UCT and Samsung Electronics have launched a multimillion-rand partnership to develop innovative mobile phone applications in response to unique needs in Africa.

The UCT Samsung Mobile Innovation Laboratory (SMILe), Samsung's first innovation unit in Africa, will increase mobile innovation and skills development. The partners in the joint venture include UCT's Information Systems Department and the Computer Science Department as well as the Cape IT incubator, Bandwidth Barn. The lab has been launched for an initial period of three years.

Brett Loubser, product manager at Samsung South Africa, said: "We chose to partner with UCT for this exciting venture as certainly there is a clear alignment with not only corporate social responsibility programmes, but also with our visionary pillar of developing technology that is 'Built in Africa, for Africa, by Africa'. The project also resonates with our Planet First and green innovation, given UCT's Green Information Systems research."

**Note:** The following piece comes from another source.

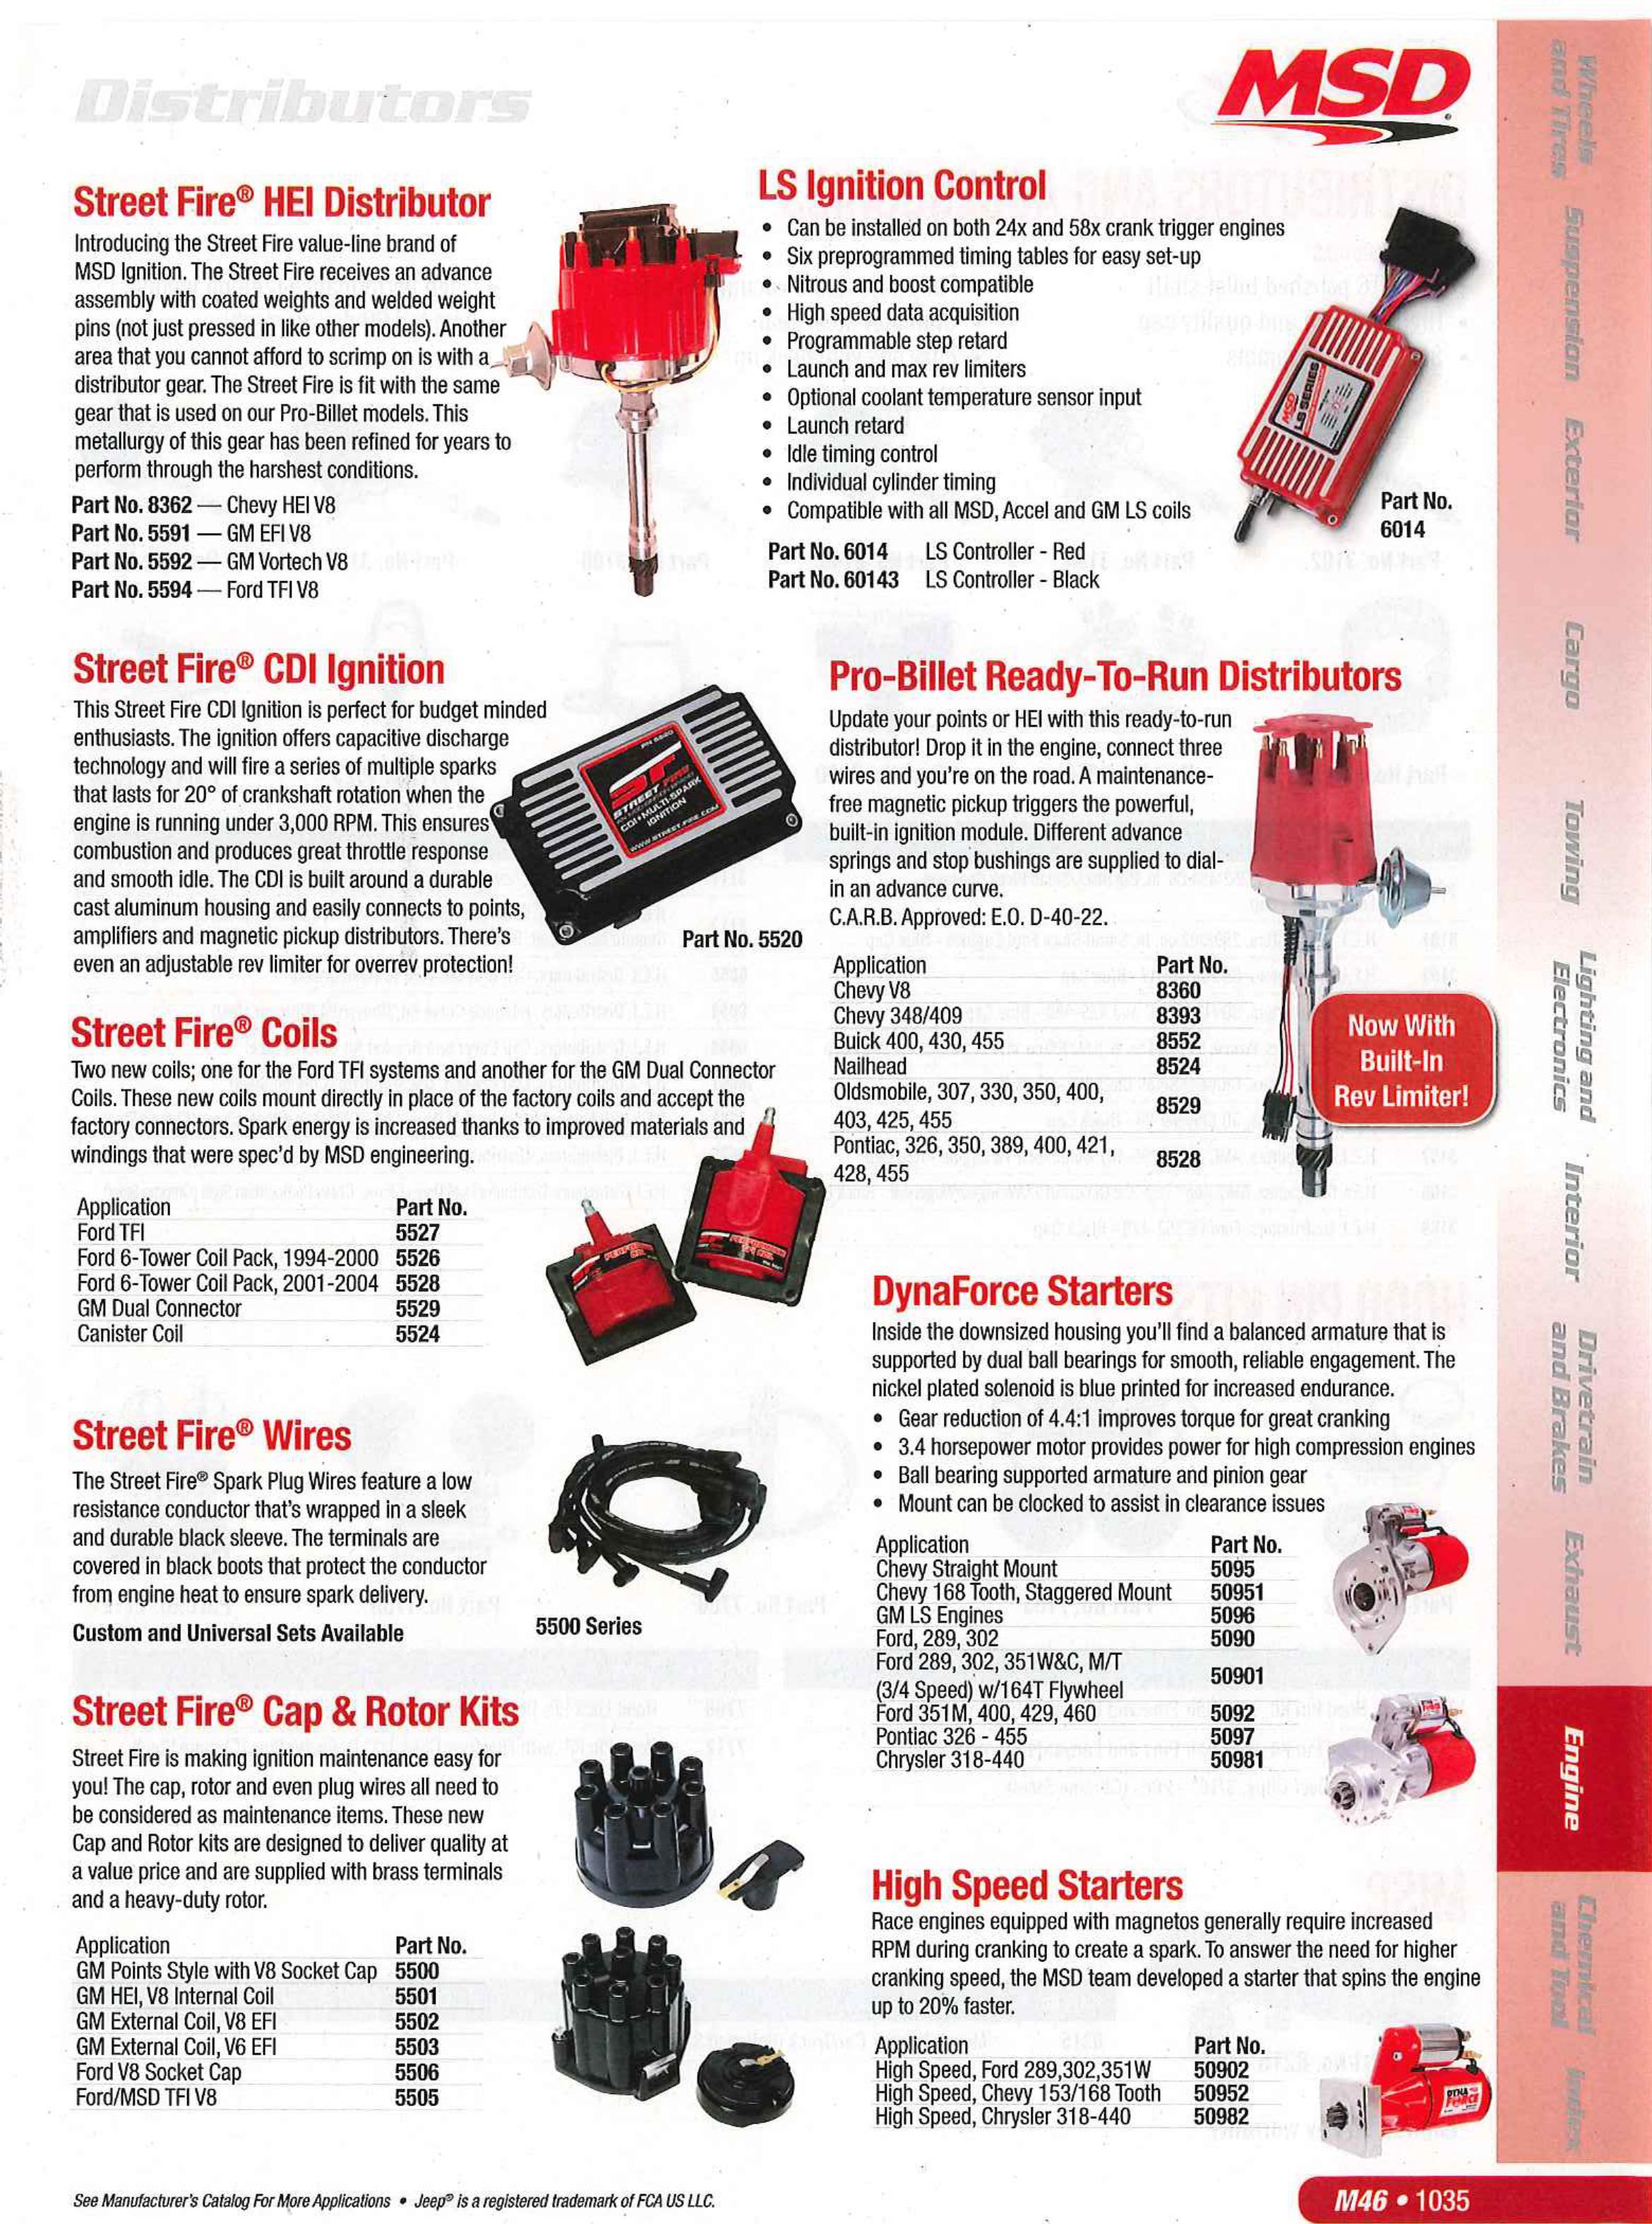 Custom Creations Truck and Car Accessories, Regina SK, Engine

Professor Gary Marsden of Computer Science added: "The UCT Samsung Mobile Innovation Lab has been established due to the awareness that the African continent in general, and South Africa in particular, poses unique challenges, constraints and opportunities in respect of innovative mobile applications. There is a need for a creative application development space where innovative ideas responding to these unique opportunities can be explored."

He added: "Opportunities for innovative African mobile applications have been identified both in the individual user and social development markets. In addition, there is a need to move the most promising applications from prototype to commercially viable opportunities by means of a business incubator."

This is the first time that a multi-disciplinary laboratory of this nature has been developed and will explore how Samsung mobile technology can be used by African students to address technology needs within Africa.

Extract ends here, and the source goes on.